[IMMD] - [2024Winter] - [en] - [Mining Massive Datasets]


Mining Massive Datasets [2024 SoSe]
Code
IMMD
Name
Mining Massive Datasets
CP
6
Duration
one semester
Offered
at least every 4th semester
Format
Lecture 2 SWS + Exercise course 2 SWS
Workload
180 h; thereof
60 h lecture
15 h preparation for exam
105 h self-study and working on assignments (optionally in groups)
Availability
M.Sc. Angewandte Informatik
M.Sc. Data and Computer Science
M.Sc. Scientific Computing
Language
English
Lecturer(s)
Artur Andrzejak
Examination scheme
Learning objectives * Knowledge of selected approaches and programming paradigms of parallel data processing
* Knowledge how to use tools for parallel data processing (among others Apache Hadoop and Spark)
* Familiarity with application domains of big data analysis
* Knowledge of methods of parallel pre-processing of data
* Knowledge of methods like classification, regression, clustering and their parallel implementations
* Knowledge of scaling of parallel algorithms
Learning content This module covers the following topics:
* programming paradigms for parallel-distributed data processing, especially Map-Reduce and Spark programming models
* usage of tools like Apache Spark, Hadoop, Pig, Hive, and possibly other frameworks for parallel-distributed data processing
* application cases in parallel data analysis, for example clustering, recommendation, search for similar objects, mining of data streams
* techniques for parallel pre-processing of data
* fundamentals of analysis techniques such as classification, regression, clustering and evaluation of the results
* parallel algorithms for data analysis and their implementations
* theory and practice of scalability and tuning of frameworks
Requirements for participation recommended are Knowledge of Java/Python and in elementary probability theory / statistics; module IBD can be taken as a complement / extension.
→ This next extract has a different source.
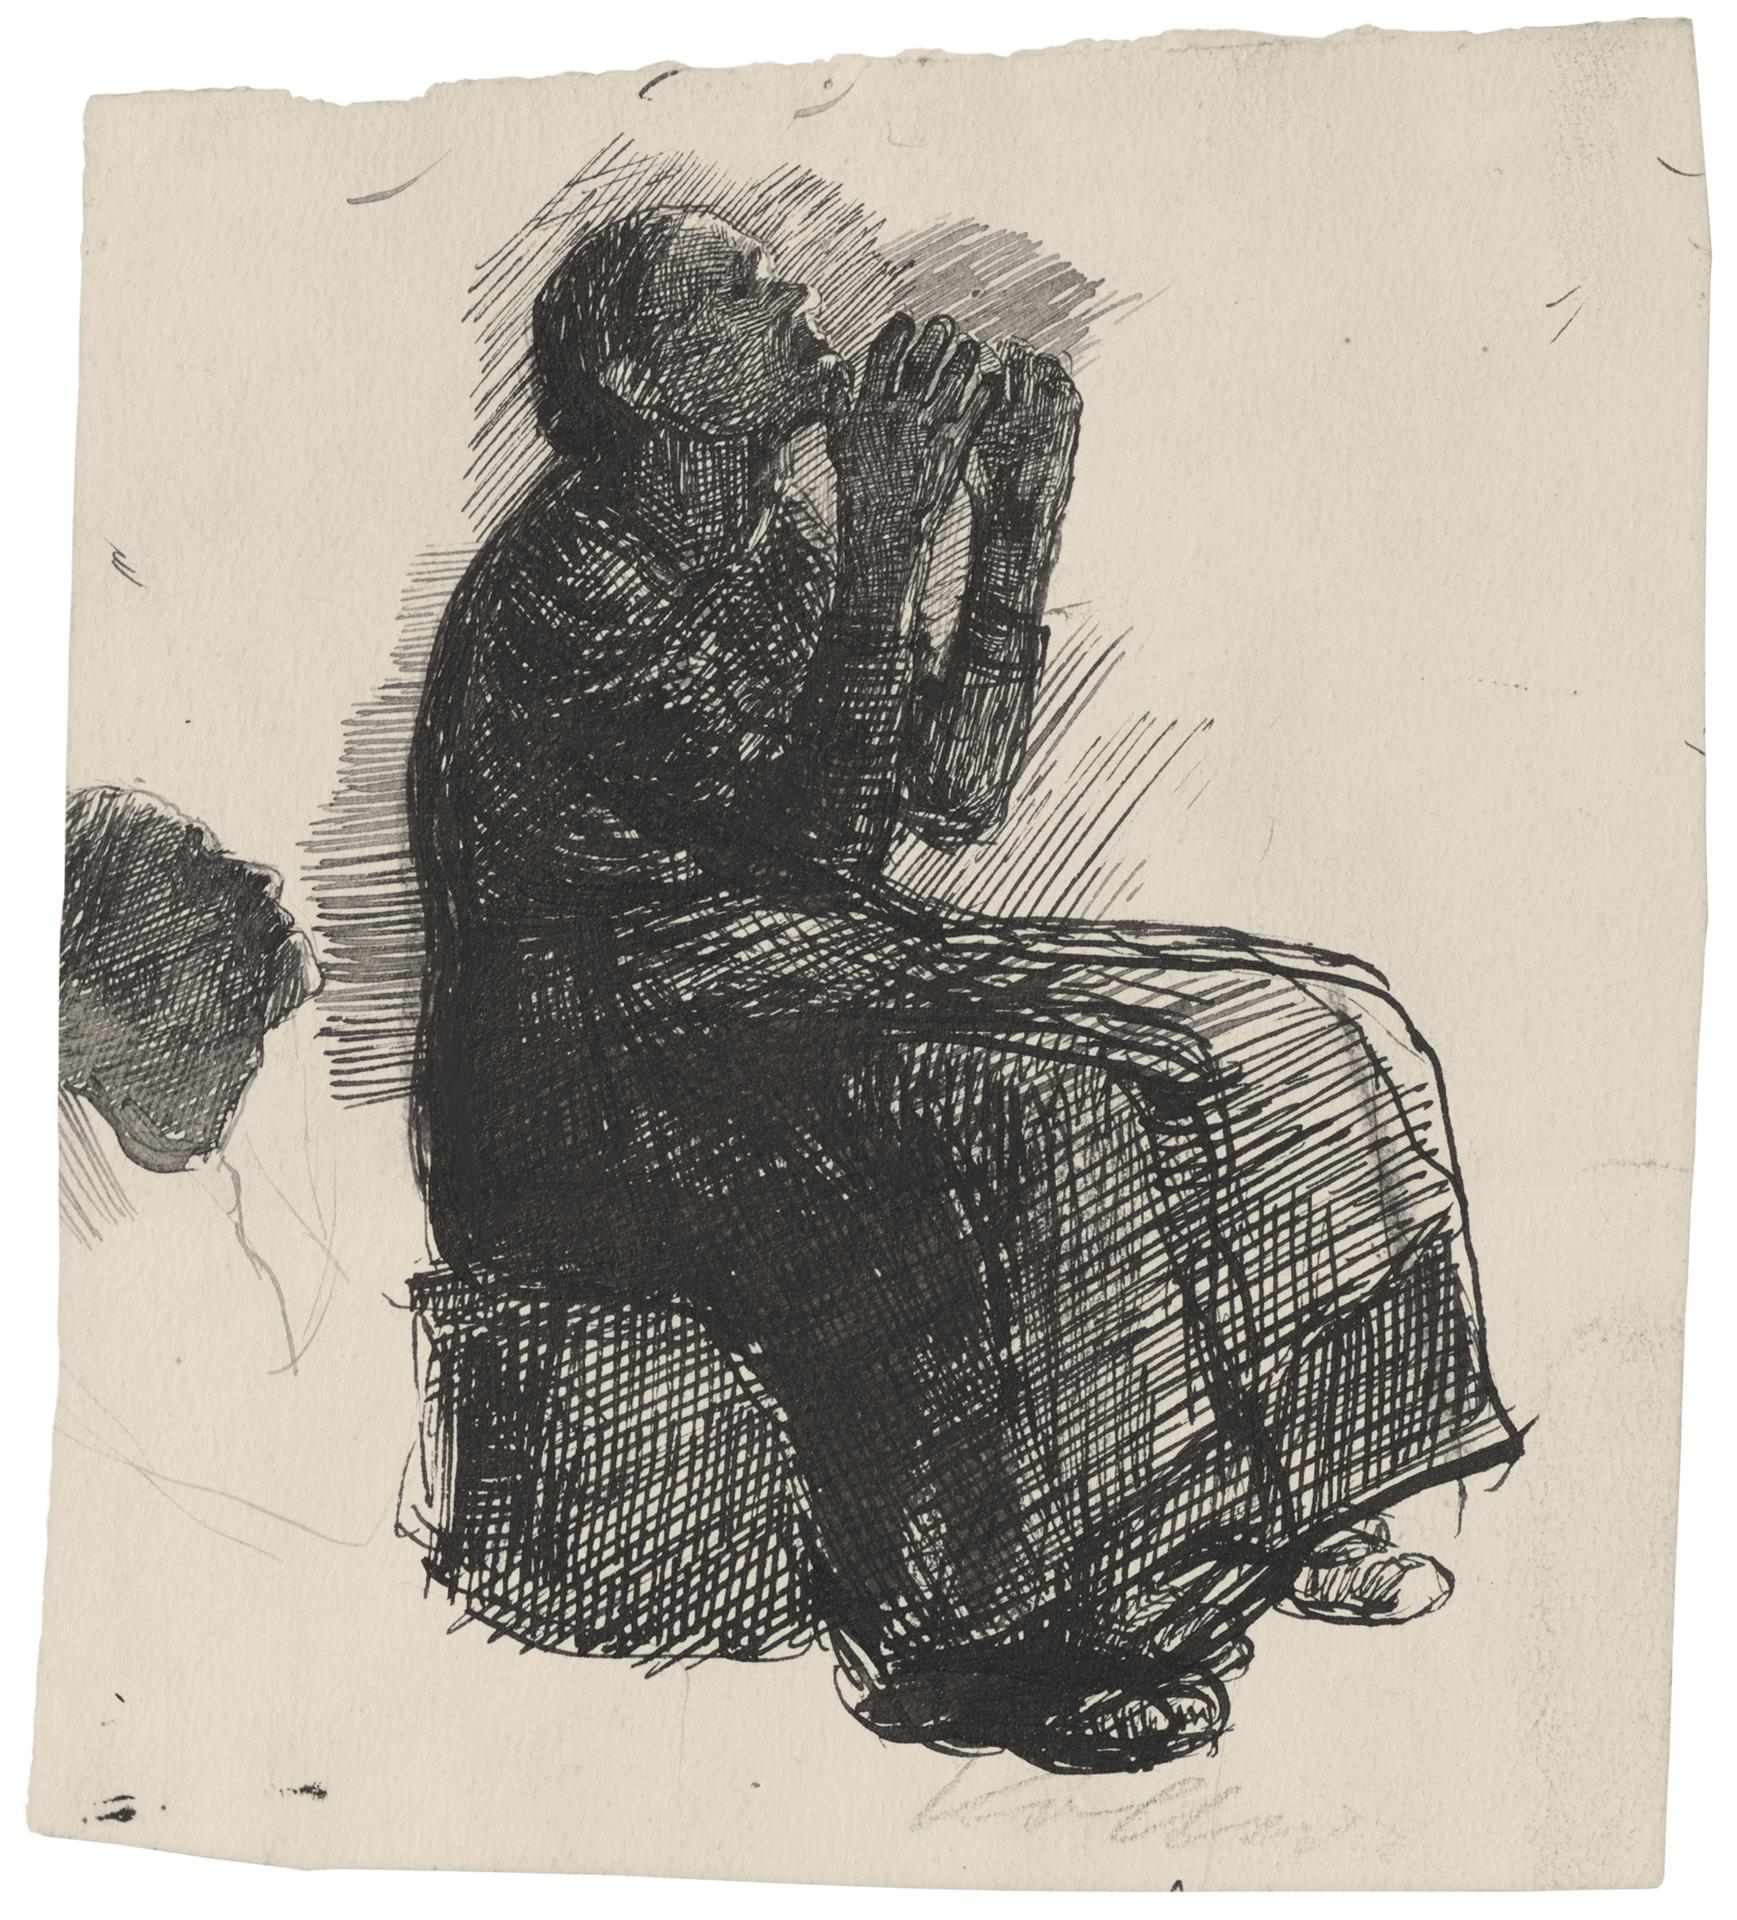 Käthe Kollwitz, Femme assise se lamentant les bras levés, étude détaillée pour la première version de la lithographie Misère, 1895, plume et encre noire, NT 116, Collection Kollwitz de Cologne © Käthe Kollwitz Museum Köln

Requirements for the assignment of credits and final grade The module is completed with a graded examination. The final grade of the module is determined by the grade of the examination. Details for this examination as well as the requirements for the assignment of credits will be given by the lecturer an the beginning of this course.
Useful literature * Jure Leskovec, Anand Rajaraman, Jeffrey D. Ullman, Mining of Massive Datasets, Cambridge University Press, Version 2.1 von 2014 (http://www.mmds.org/)
* Trevor Hastie, Robert Tibshirani, Jerome Fried-man, The Elements of Statistical Learning: Data Mining, Inference, and Prediction, Springer, 2009 (http://statweb.stanford.edu/~tibs/ElemStatLearn/)
* Ron Bekkerman, Misha Bilenko, John Langford, Scaling Up Machine Learning, Cambridge University Press, 2012
* Jiawei Han, Micheline Kamber, Jian Pei, Data Mining: Concepts and Techniques, Morgan Kaufmann, (third edition), 2012
* Books from O'Reilly Data Science Starter Kit, 2014 (http://shop.oreilly.com/category/get/data-science-kit.do)